DATA EXTRACT:
Segment Open

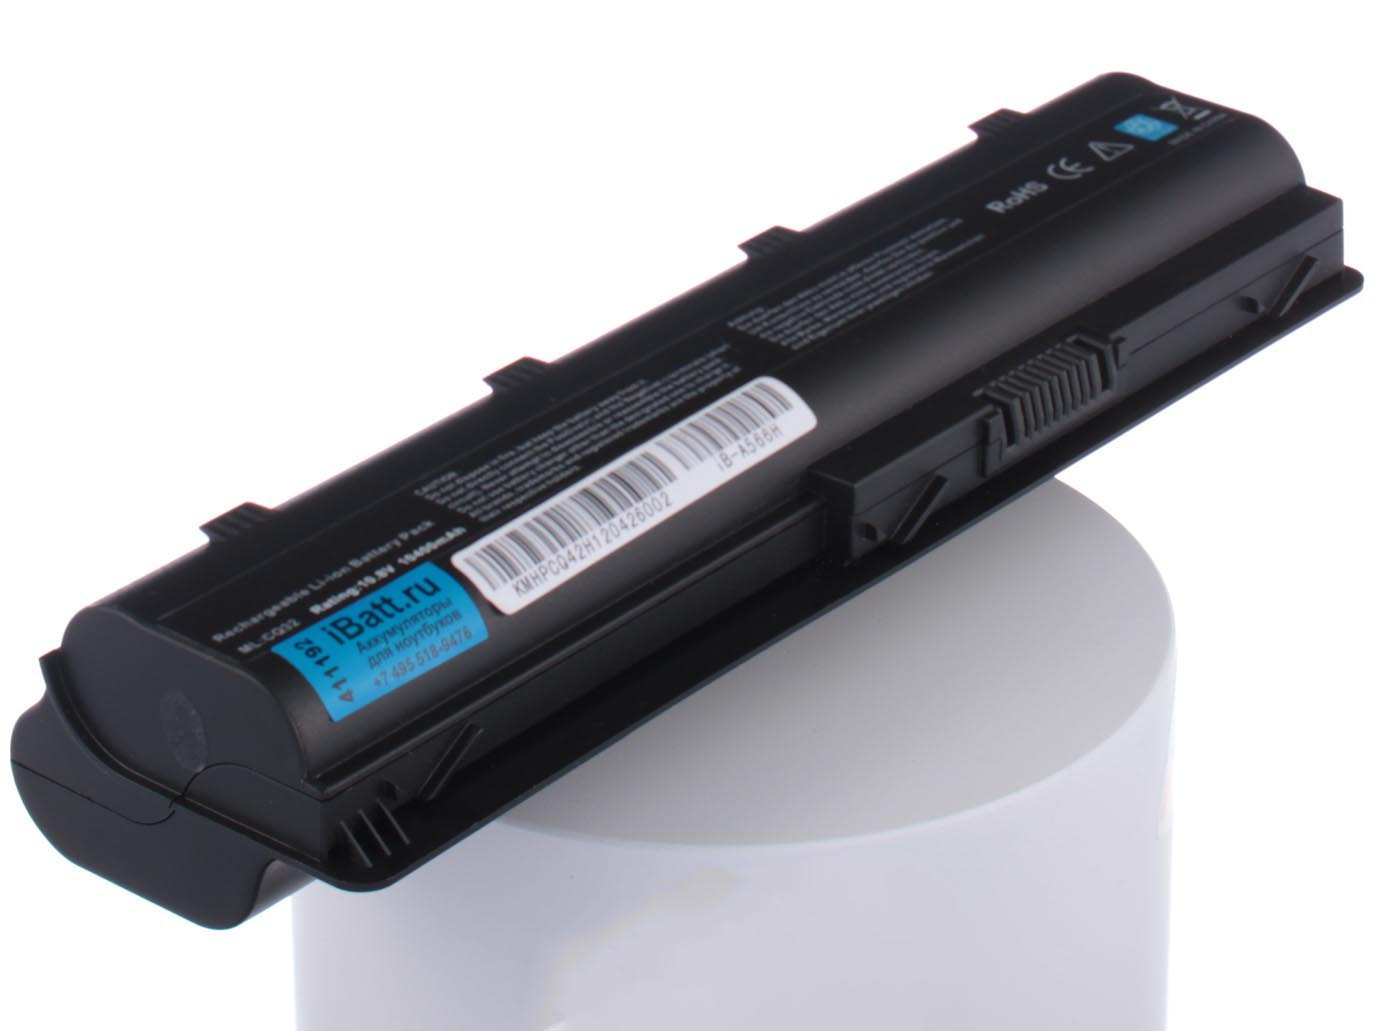 Аккумулятор для ноутбука iBatt для HP-Compaq Pavilion dv7-6b52er, Pavilion dv7-6b54er, Pavilion g6-2205sr, Pavilion g6-1259er, Pavilion g6-1124er, 2000-2d52SR, Pavilion g6-1109er, Pavilion g7-2256sr, G62-a82ER
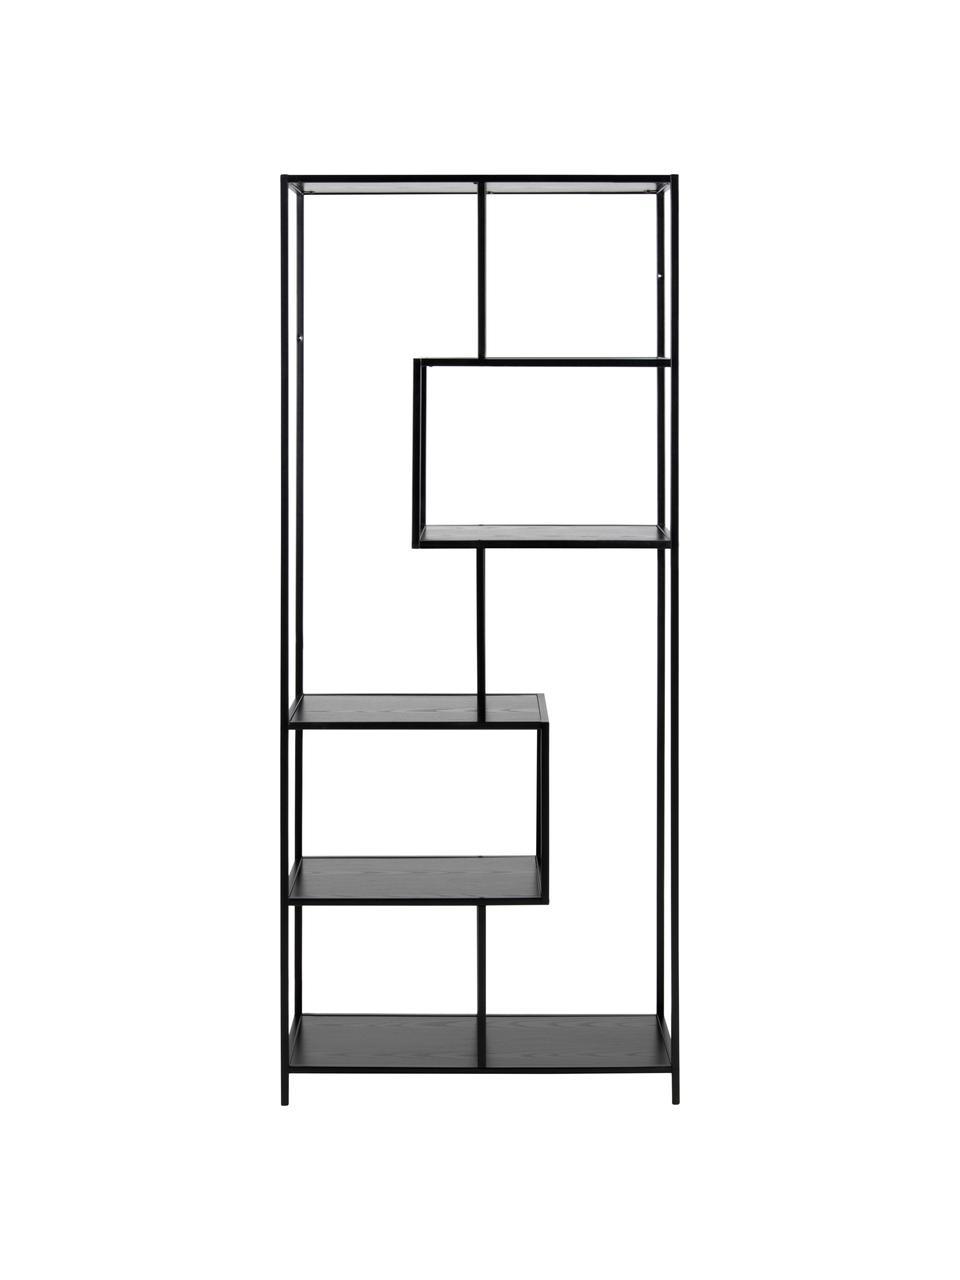 Wandrek Seaford van hout en metaal, Plank: gelamineerd MDF, Frame: gepoedercoat metaal, Zwart, 77 x 185 cm
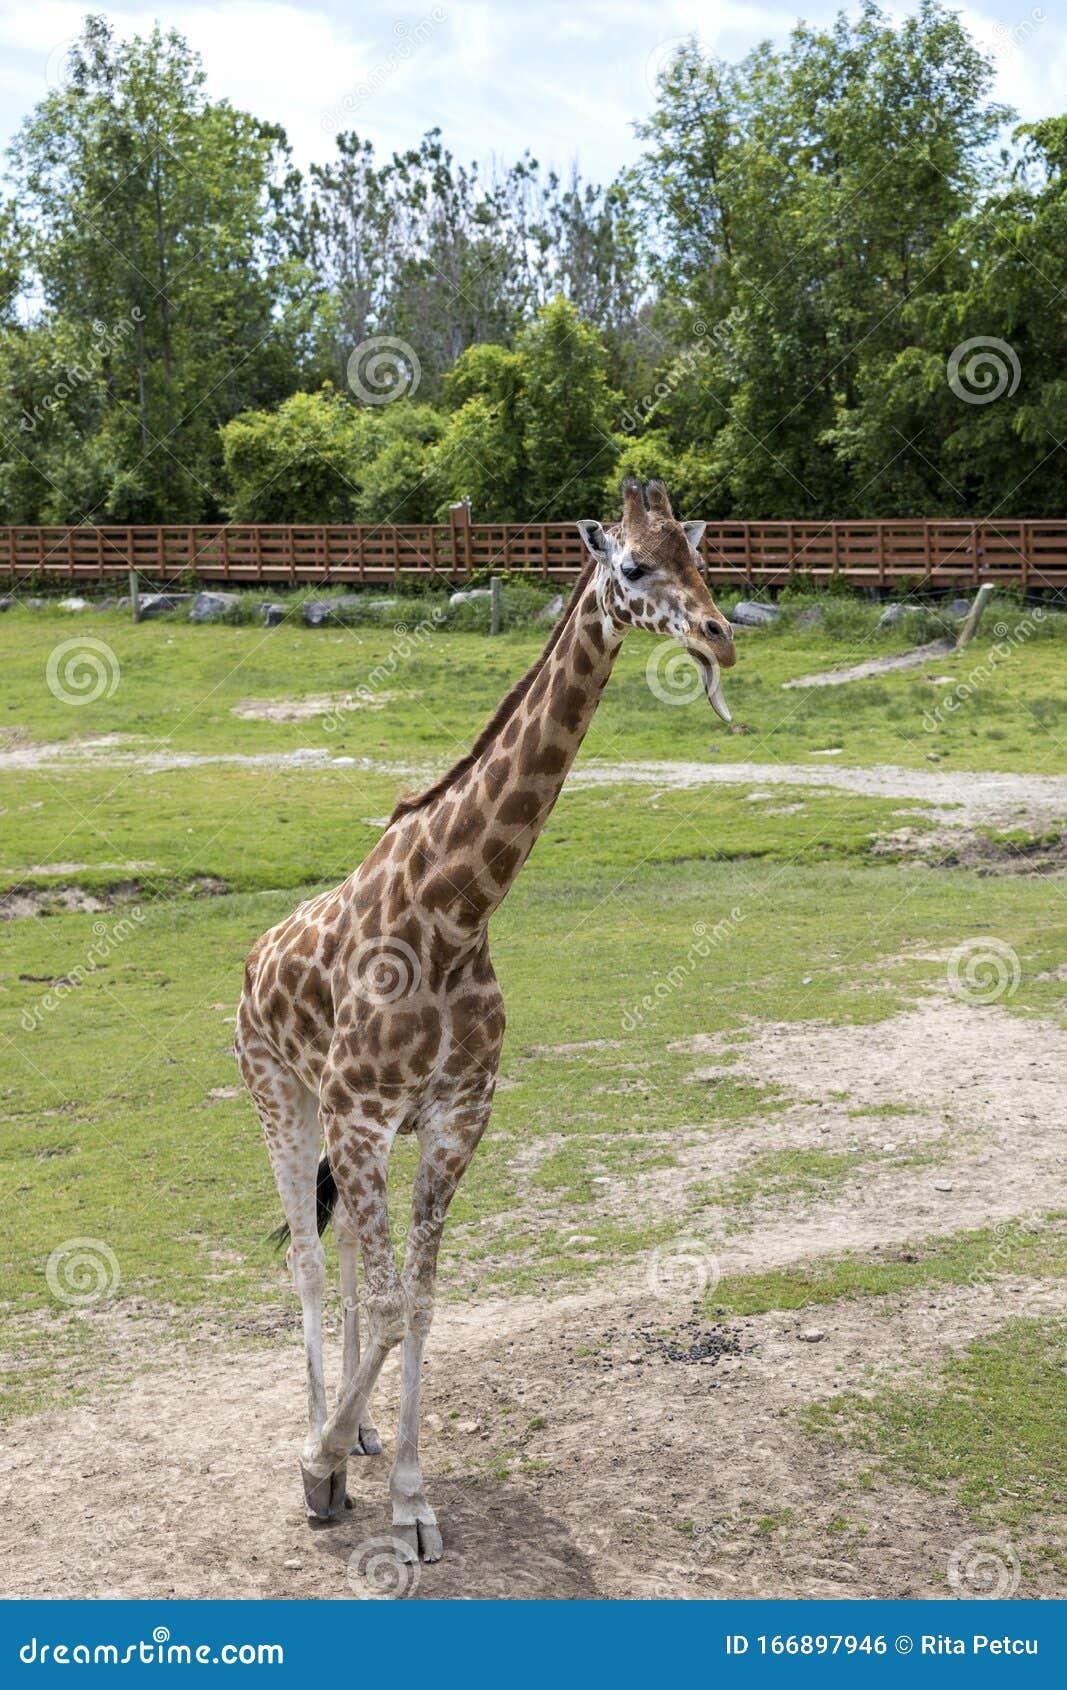 Giraffe Sticking The Tongue At The Zoo Stock Photo - Image

Segment Closed

EXERCISE DESCRIPTION: Could you give the listing again exactly as it stands, minus any pictures?

RESPONSE BELOW:
 Аккумулятор для ноутбука iBatt для HP-Compaq Pavilion dv7-6b52er, Pavilion dv7-6b54er, Pavilion g6-2205sr, Pavilion g6-1259er, Pavilion g6-1124er, 2000-2d52SR, Pavilion g6-1109er, Pavilion g7-2256sr, G62-a82ER
 Wandrek Seaford van hout en metaal, Plank: gelamineerd MDF, Frame: gepoedercoat metaal, Zwart, 77 x 185 cm
 Giraffe Sticking The Tongue At The Zoo Stock Photo - Image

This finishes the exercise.